A year after the death of Sergei Magnitsky, a lawyer who claimed to have uncovered huge corruption in Russia's Interior Ministry, officials from the same ministry claimed this week that Mr Magnitsky himself was implicated in the fraud.
The new allegations, dismissed by most people familiar with the case as implausible and a smokescreen, are the latest twist in a case that seems to show that Russian authorities are either unwilling or powerless to stop corruption within their own ranks. The case has been watched anxiously from abroad as a test of President Dmitry Medvedev's claim that he wants to stamp out corruption and end "legal nihilism" in Russia.
Mr Magnitsky was arrested on tax evasion charges linked to his defence of Hermitage Capital, a multibillion dollar fund headed by US investor William Browder. The firm accused Interior Ministry officials of seizing ownership of three subsidiary companies in 2007, and using them to extort $230m from the Russian treasury.
Mr Magnitsky was in good health before his arrest, but his supporters believe that prison officials were pressuring him to retract testimony implicating Interior Ministry officials in the tax fraud. He developed pancreatitis, which was left untreated, and when his condition worsened, he was transferred to another prison, supposedly to receive treatment. Instead, he was placed in a straitjacket and put in an isolation ward, where he died a year ago yesterday.

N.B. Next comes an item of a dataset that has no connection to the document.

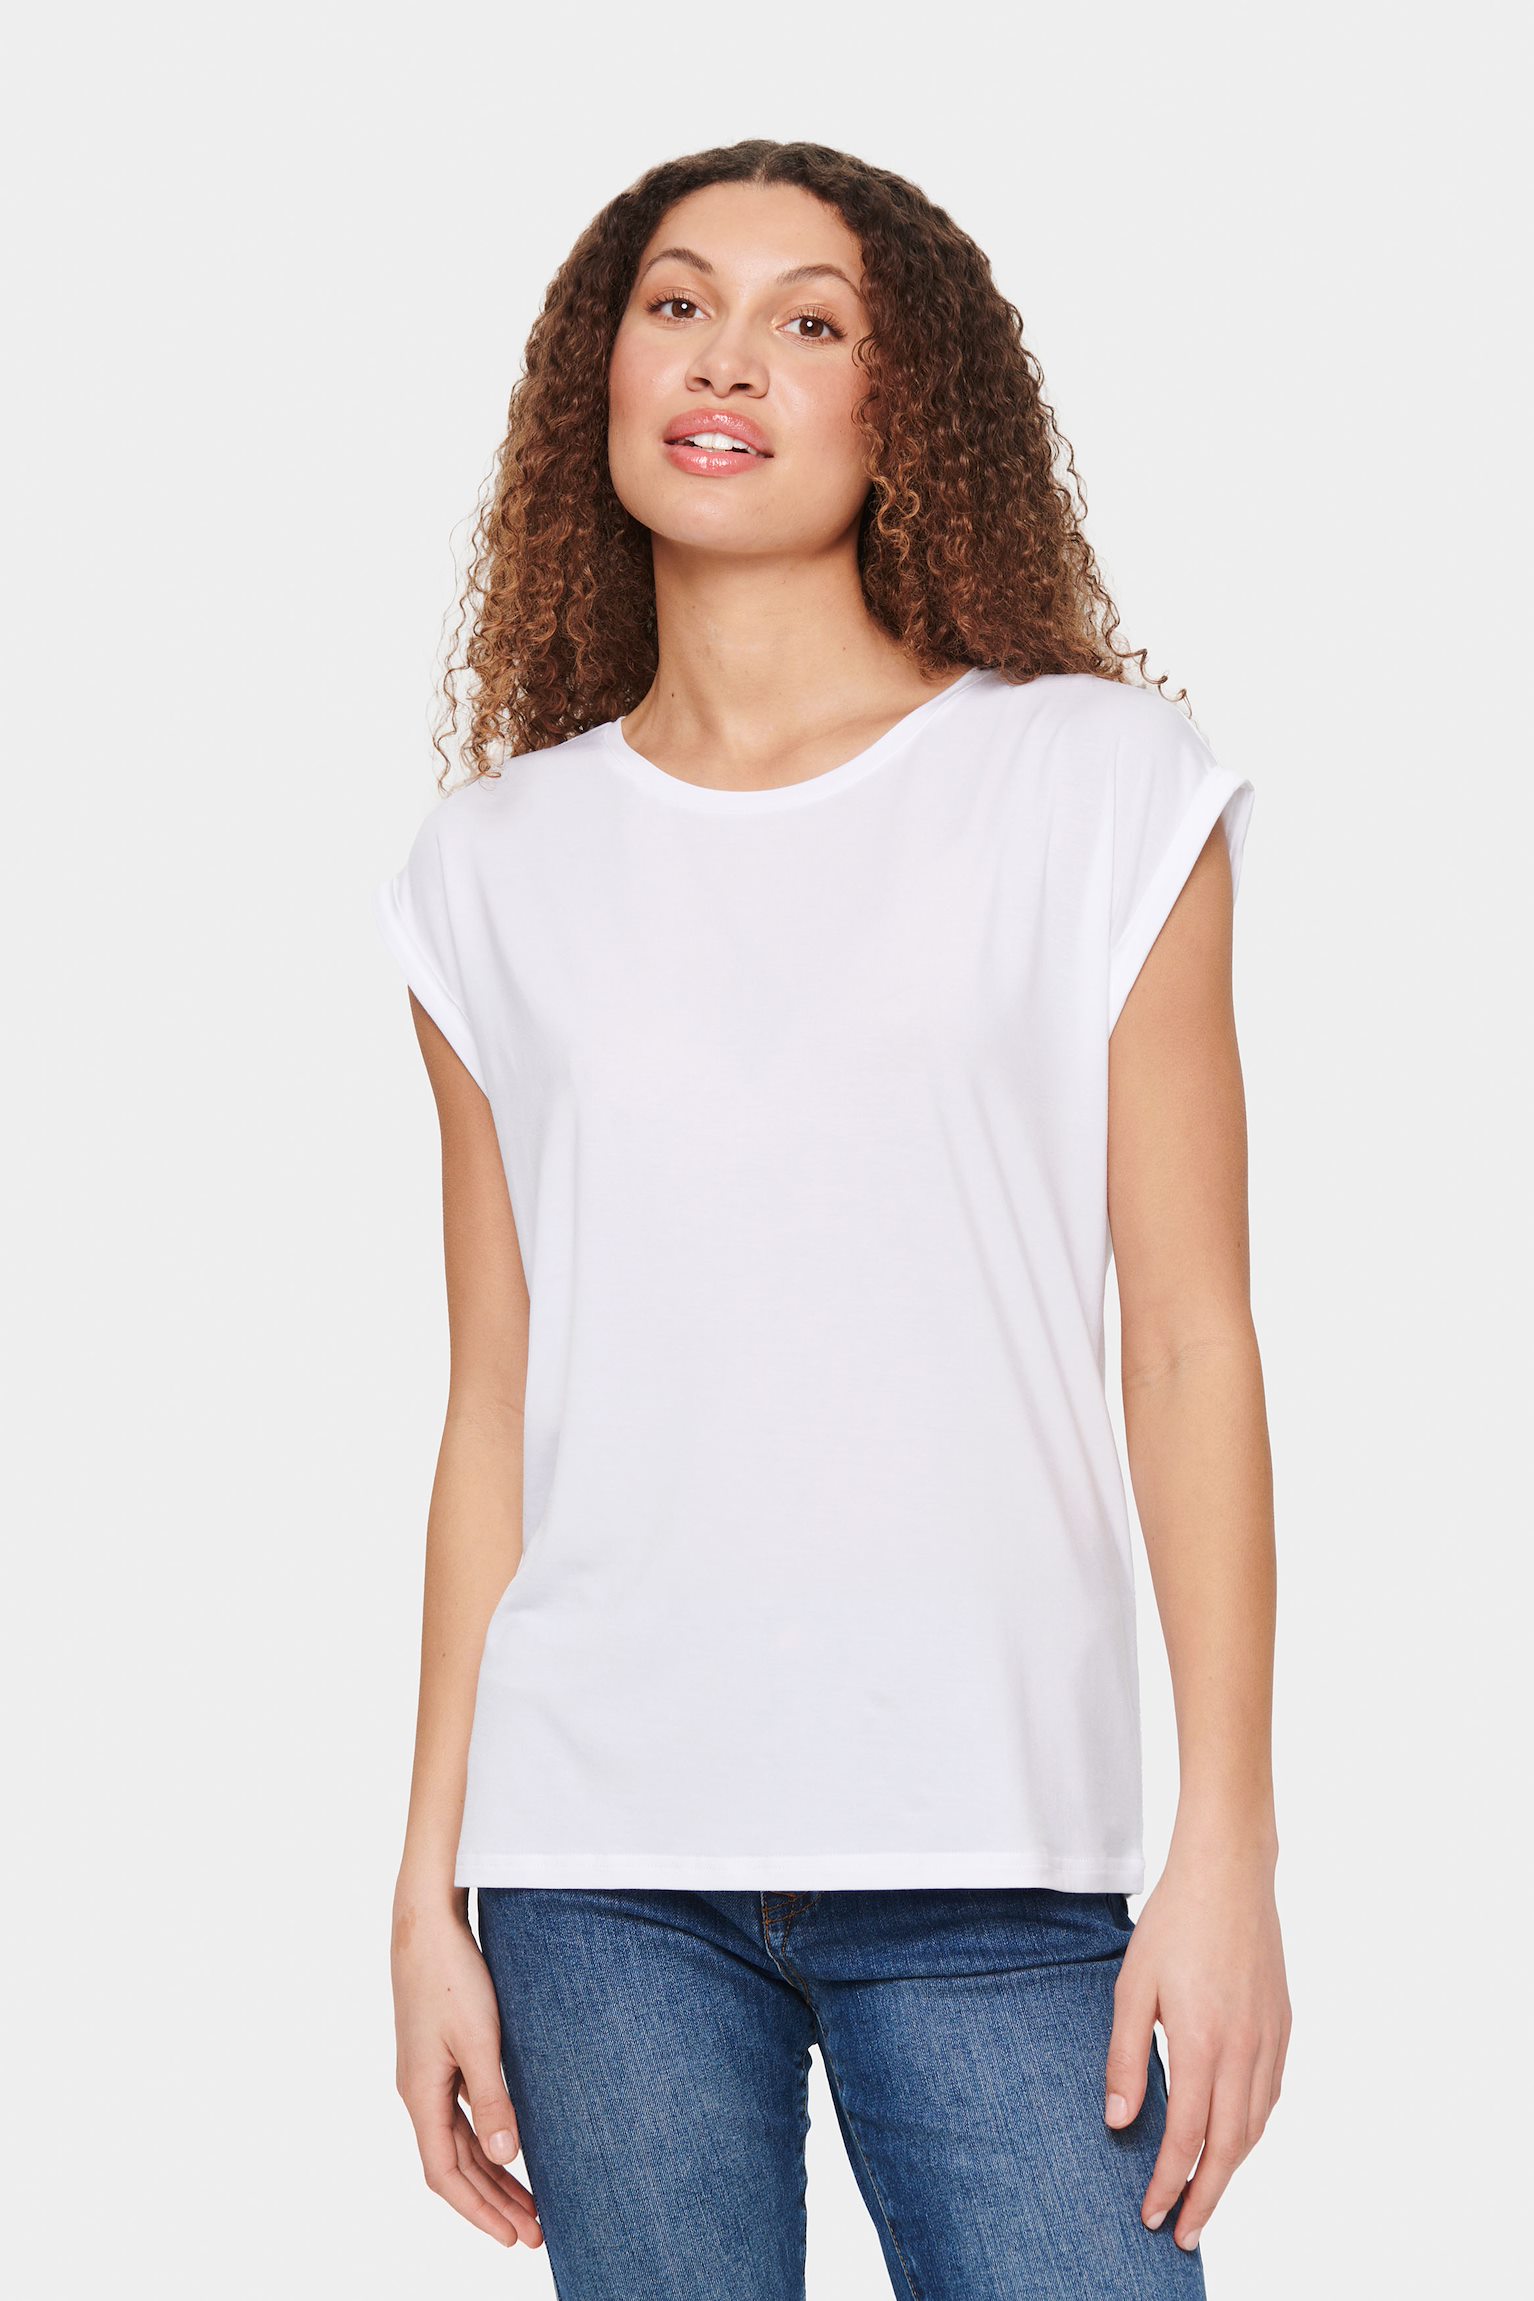 Saint Tropez AdeliaSz T-shirt White

The case caused such a scandal that it prompted Mr Medvedev to change the law to ensure that those accused of economic crimes are not locked up before their cases come to trial. A number of prison officials were also fired. But nobody was prosecuted for the death, and the trails that led back to the Interior Ministry were swiftly blocked.
Now, the Interior Ministry has used the anniversary of Mr Magnitsky's death to implicate the lawyer himself in the crimes, saying that two belatedly arrested suspects in the fraud have testified that he prepared the documents they used to perpetrate the crime.
"Sergei Magnitsky discovered the fraud, blew the whistle, testified against the officials, and as a result was arrested and tortured to death in prison," said Mr Browder, who has been barred from entering Russia as a national security threat, from London yesterday. "For these same officials to now accuse Magnitsky of the fraud himself has to be the most Kafkaesque statement I've ever heard. They are spitting on his grave after killing him."